How to ensure that at least one of A and Bcsign appears in the regex?-CodePudding

s_l = ["春天年初, ...","1999年", "很多年以前"]
for front_part in s_l:
    idx_year = re.search(r'[\d]*[年]{1}[初末底前]{0,1}',front_part).end() \
    if re.search(r'[\d]*[年]{1}[初末底前]{0,1}',front_part) else 0
    print(idx_year)

I want to search the idx of sub-string that has 年， and at the same time, there must be digits(sign A) before 年 or [初末底前](sign B) behind "年", for example,in s_l, it should return 4,5,0

One idea to divide the regex, like

re.search(r'[\d] [年]{1}',front_part) or re.search(r'[年]{1}[初末底前]{0,1}',front_part)

but it is too complex, other one is using (?=...) but I haven't got the idea and how to use it,any suggestions?

CodePudding user response：

Try this,

lst = ["春天年初, ...","1999年", "很多年以前"]
pattern = re.compile("(.*\d|初末底前)年.*")
for i, s in enumerate(lst):
  patterns = list(pattern.finditer(s))
  if patterns != []:
    print(list(map(lambda item:(i, item.span()), patterns)))

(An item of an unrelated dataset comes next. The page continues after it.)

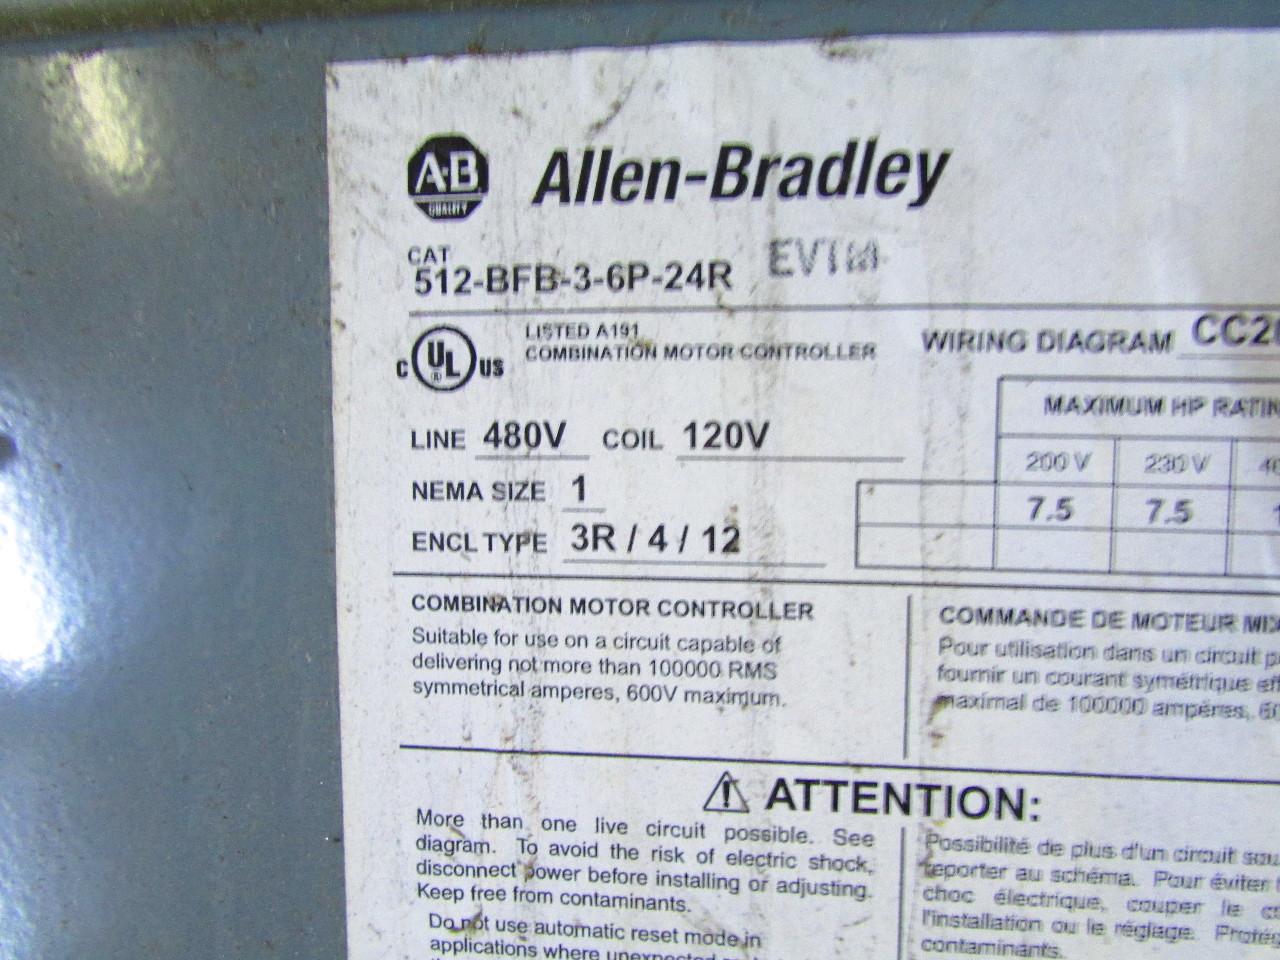 Combination Motor Starter Wiring Diagram 40 Images 480480 Volt Sd07950 Allen Bradley 512 Bfb 3 6p 24r Nema Disconnect Type 1 480

The output would be something like [(1, (0, 5))]. Here the first part of every element of this list would be the index of the string from the list lst which matches the conditions. The second part would be the index of the occurence of those conditions in the list item.

CodePudding user response：

You can use a lookbehind assertion to match an occurrence of 年 that's preceded by a digit. Use an alternation pattern to match one that's followed by [初末底前]:

pattern = re.compile(r'(?<=\d)年|年[初末底前]')
print([match.end() if match else 0 for match in map(pattern.search, s_l)])

This outputs:

[4, 5, 0]